Brian Potter argues that biological evolution and an economist's circuit simulation both depend on the same shortcut: mixing and reusing working modules to cut down a search space too vast to enumerate.
Sex is an information-acquisition hack, and so is the engineer's habit of stacking tested modules into bigger ones. Brian Potter, writing on Construction Physics, makes the case that biological evolution and an economist's circuit simulation both depend on this same shortcut to find useful complexity in a search space too vast to enumerate.
In a follow-up to his earlier piece on Arthur, Potter lays out the comparative argument. The economist W. Brian Arthur modeled technological evolution by letting randomly combined logic gates compete in a population, with the fittest variants surviving into the next round. The result, as Potter has previously described, is that the simulated circuits can grow into objects as elaborate as a 12-way AND gate or a 4-bit adder starting from nothing but NAND gates, random combination, and selection. They do so not by enumerating the vast space of all possible circuits, but by taming it.
The mechanism is modularity plus recombination. Once the simulation has produced a working subcomponent, it stops re-rolling the dice on that subcomponent and treats it as a building block. A few working modules combine into one larger module, the larger module gets tested, and the unpromising branches of the search tree get cut off. Each round of combination plus selection reaches deeper into the design space while keeping the combinatorial explosion in check. The system does not need to know what it is looking for. It just needs a way to keep good assemblies around and to shuffle them.
Biology, in Potter's framing, runs the same program. Sex, in the genetic sense of mixing two parental genomes into an offspring, lets a population test new combinations of alleles without losing the working ones parents already carried. Horizontal gene transfer does a related job for microbes, letting one lineage borrow a tool another already evolved. Gene duplication followed by divergence lets a cell keep an original function intact while experimenting on a copy. In each case, the operation is the same: keep working modules, recombine them, and screen off the combinations that do not survive.
The constructive claim that follows is sharp enough to test. A system's rate of information acquisition, its ability to discover new useful structure, is bounded by how well it can mix and reuse modules it has already built. Asexual populations can still evolve, but they pay a combinatorial cost: every useful mutation has to arise on its own and propagate through a clonal lineage. Sexual populations pay an up-front cost in finding mates and breaking up co-adapted combinations, but they get to test many variants of a working genome at once. The framing predicts faster adaptation in changing environments for populations with stronger recombination machinery, and the empirical record on recombination rates broadly supports that.

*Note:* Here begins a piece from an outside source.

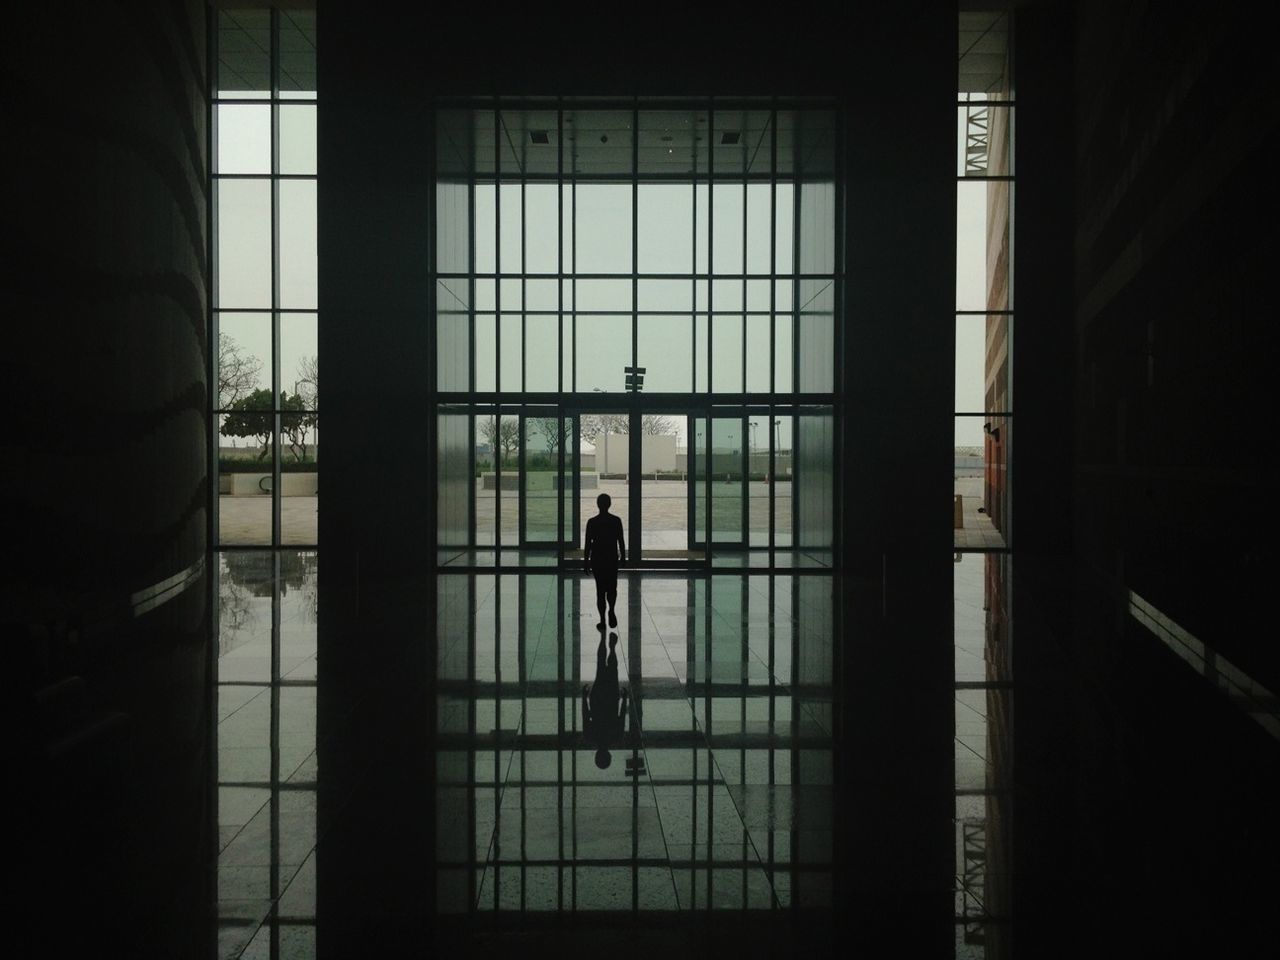 Silhouette of man walking towards glass door
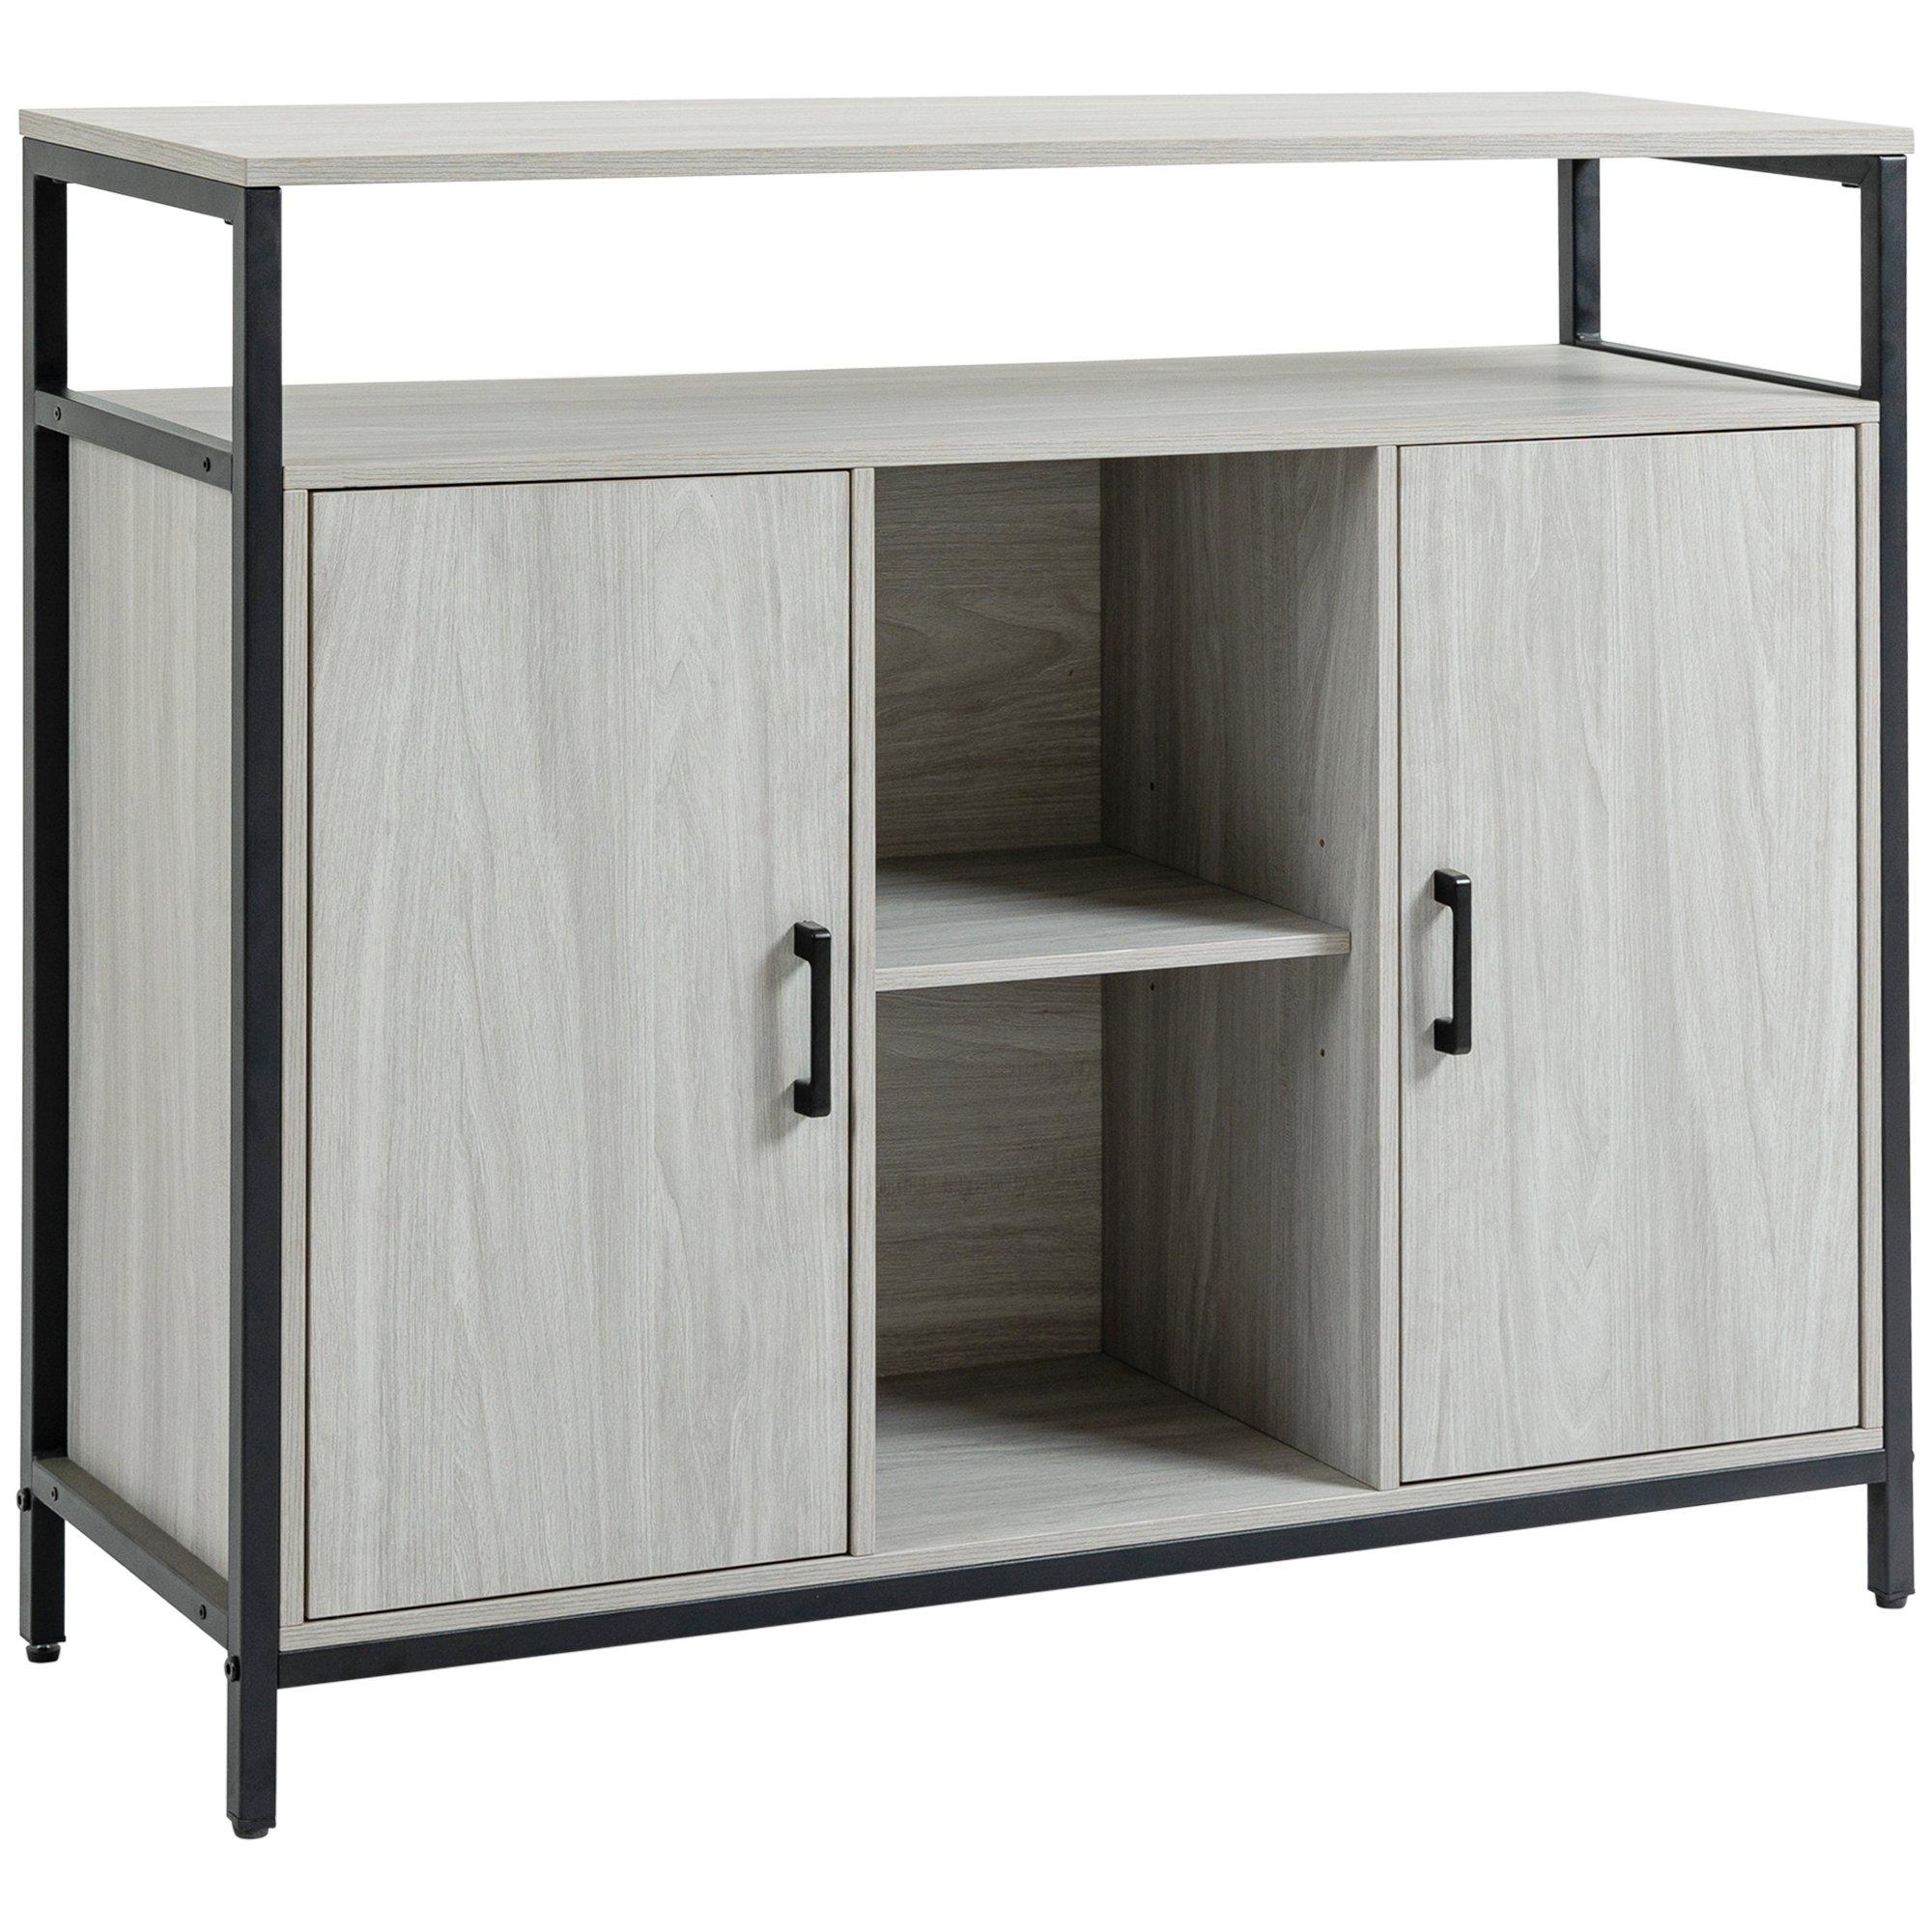 Modern Sideboard Storage Cabinet with Adjustable Shelves Steel Frame

The framing has limits, and the analogy is structural rather than literal. Evolution has no selector making design choices, and Arthur's randomness is a modeling stand-in, not a description of how nature works. Calling sex an information-acquisition hack is a way of naming the trick, not of putting intention into the genome. The two systems face a search problem too large to solve by enumeration, and both arrive at the same answer by modular recombination. That is the claim, and the rest is detail.
The open question is whether the framing travels. If modular recombination really is the bottleneck on information acquisition, then the speed of adaptation in any system, biological, technological, or organizational, should track the quality of its recombination machinery. That is a testable prediction, and one that biologists, software maintainers, and industrial historians can each run on their own data.